If they can not work at the same time, what's the consideration?
Thanks
> could it be possible to make them working at the same time?
No. It may messe up file system on the SD card.
While PC mounts the SD card over USB MSC (Mass Storage Class), PC File Manager occupies the SD card. It has caches of the SD sectors on the PC side. If your firmware would rewrite the SD sectors without any command from PC, PC caches wouldn't match to the real ones. As the result, PC File Manager get confused.
The SD card is exclusively occupied by PC or your firmware process.
> I think the FlashFS's API (fopen/fclose) is in high level, while the usbd_user_msc.c uses ioc_read_sector functions, in the low level? they are operating in different levels?
These functions belong to different systems, which work exclusively.
Tsuneo
"While PC mounts the SD card over USB MSC (Mass Storage Class), PC File Manager occupies the SD card. It has caches of the SD sectors on the PC side."
This is the reason for the extra cost for external hard disks with Ethernet interface compared to an USB interface. With the USB interface, the disk is "dumb" and the PC owns it and decides what changes to make.
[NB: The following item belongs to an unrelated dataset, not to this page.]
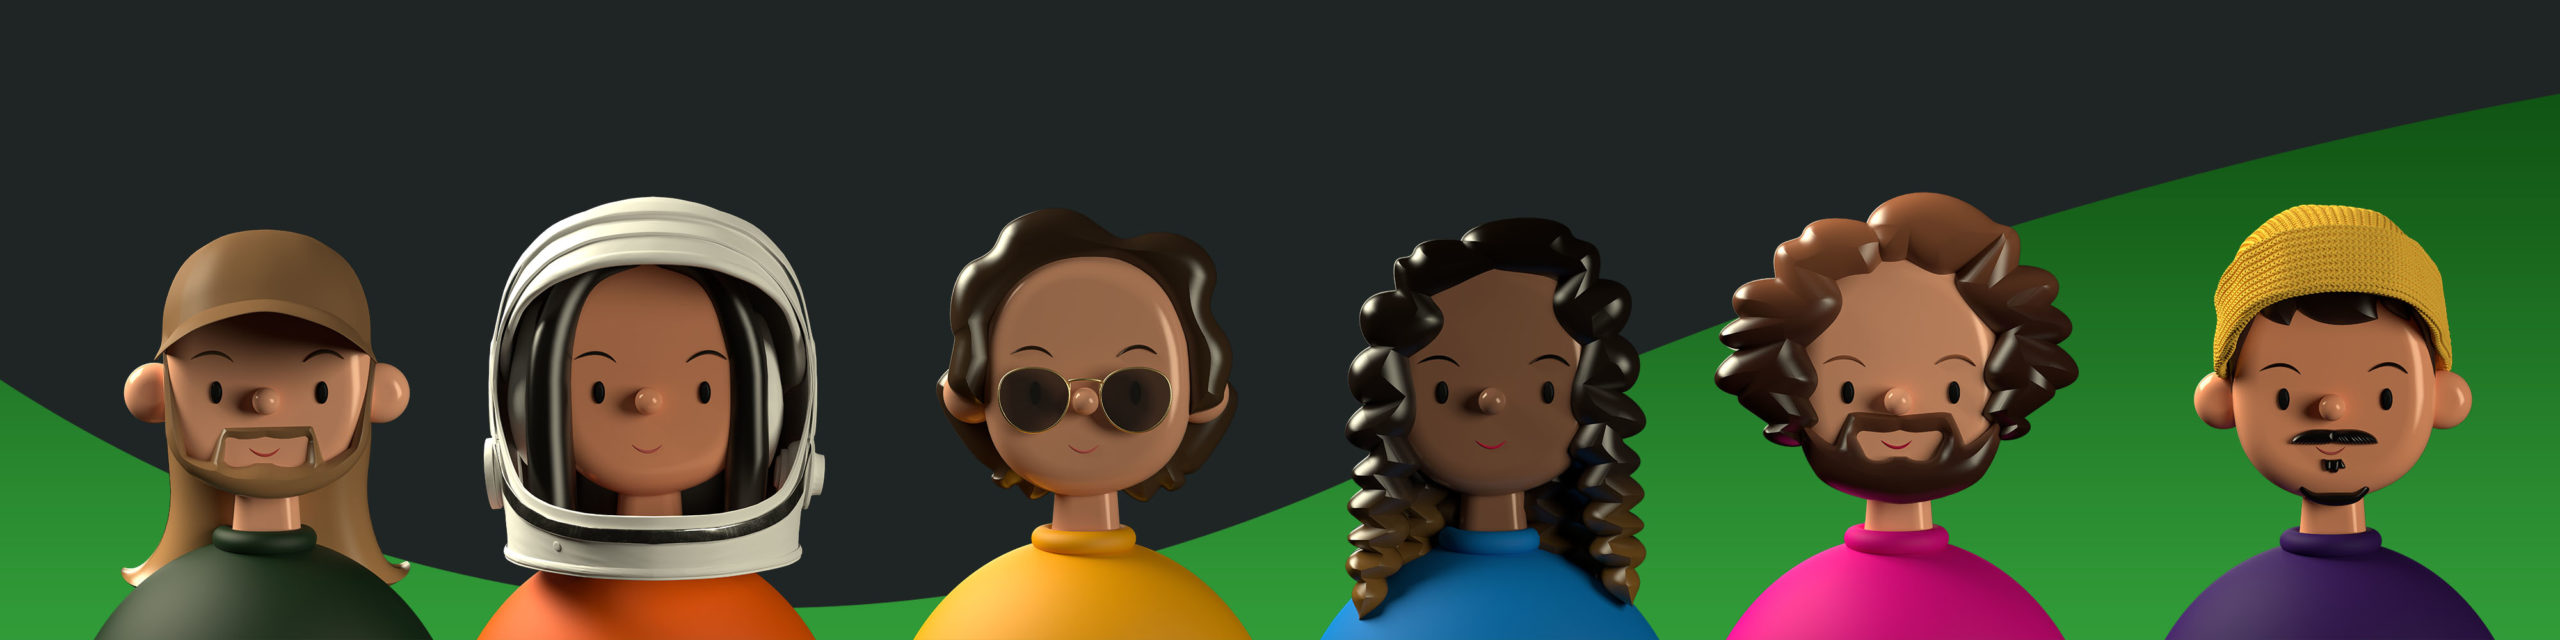 EazeGames Introduces 3D Avatars To Optimize Player Experience

With the Ethernet interface, the disk must contain a full file server to arbitrate between different clients that connects to the disk.
Just as you have already noted, lot's of cameras, phones etc can export the memory card through the USB interface, but make use of some menu setting to control if the device should export the memory card, or if the USB interface is just for control/networking/... but the camera/phone owns the memory card.
Hi Tsuneo and Per, Thanks for your answer.